> Your instructions: What you produce should be the lines from the line containing "Steampunk lamp Jules" through the last line below, both ends included, reproduced exactly and without pictures.

> Data extract:

────────

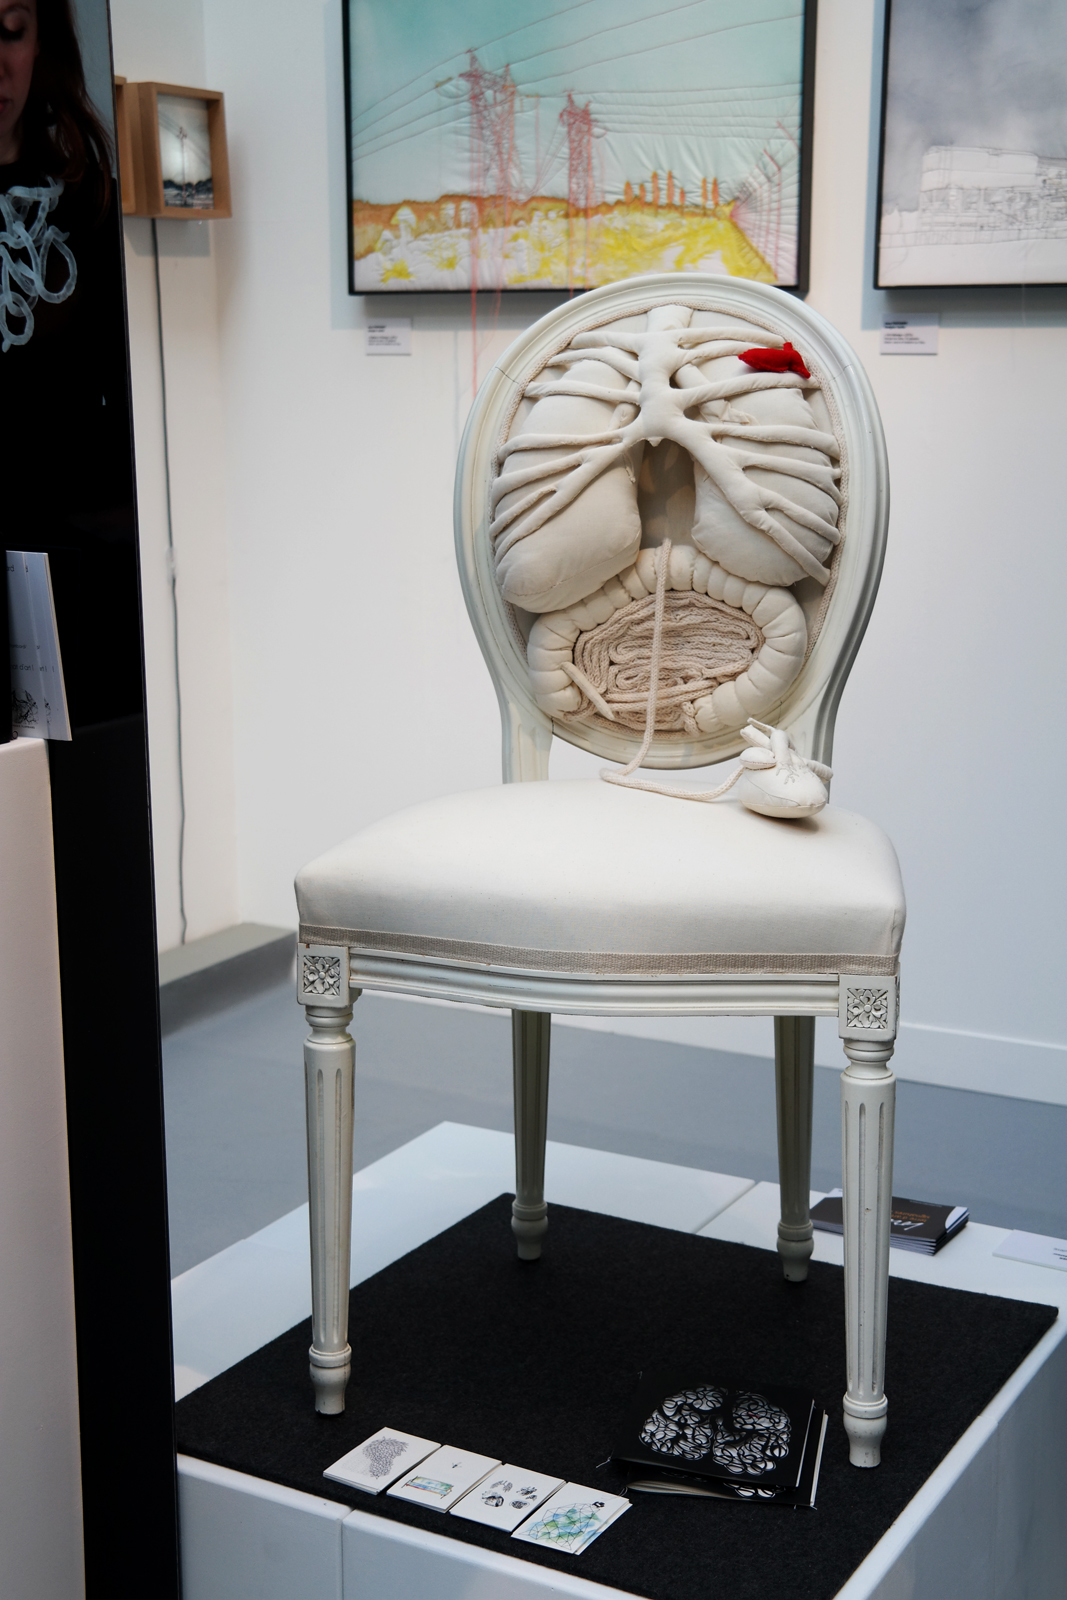 Chaise anatomique anatomical chair by Pauline Krier & Anouk Cazin stand Lorraine Salon Révélations 2015 Grand Palais Paris métiers art et création
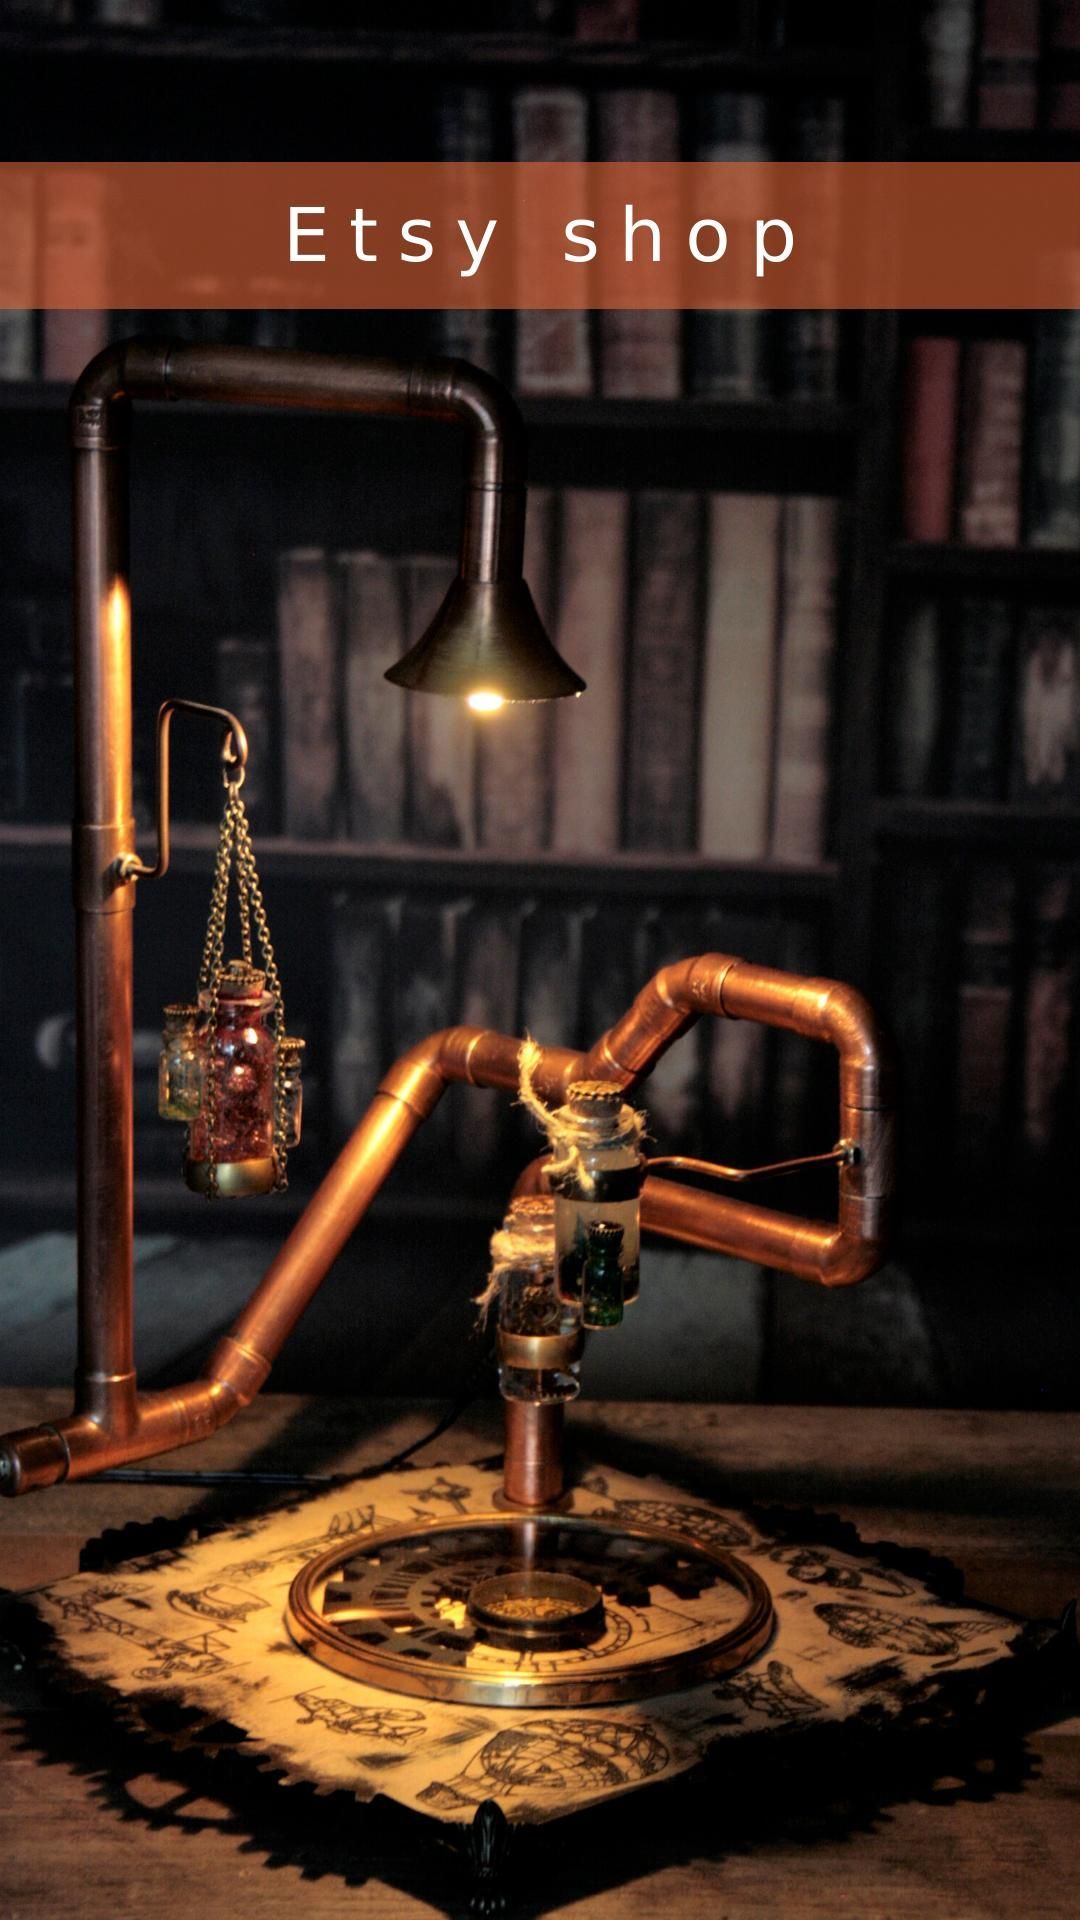 Steampunk lamp Jules Verne/Industrial desk lampr -   diy Lamp videos
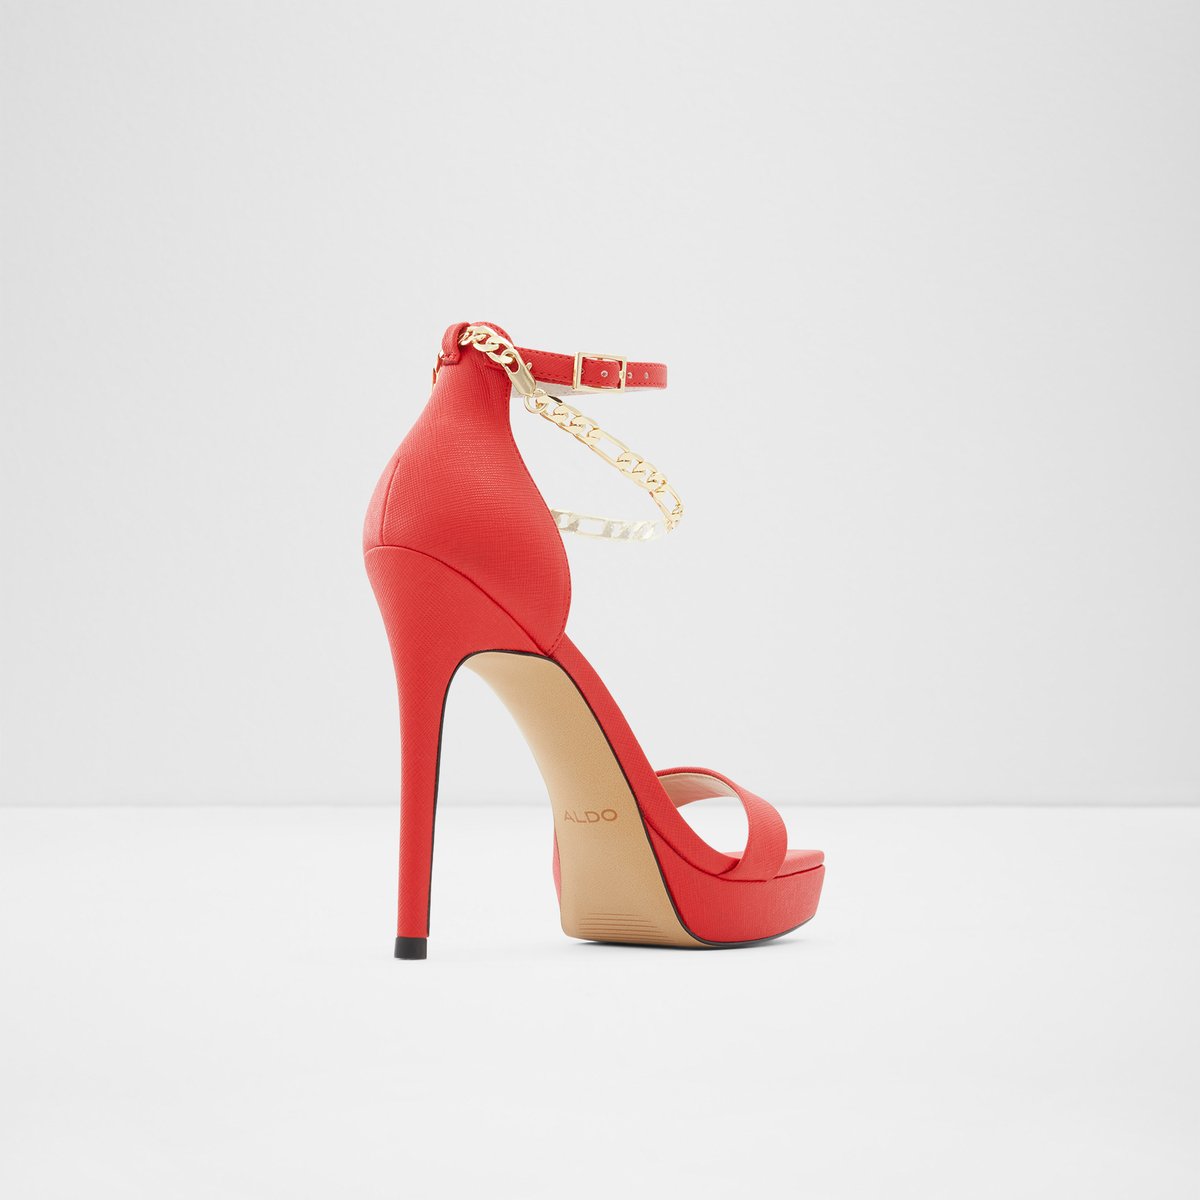 Scarlettchain Red High heels | US

────────

> Result of this exercise:
 Steampunk lamp Jules Verne/Industrial desk lampr -   diy Lamp videos
 Scarlettchain Red High heels | US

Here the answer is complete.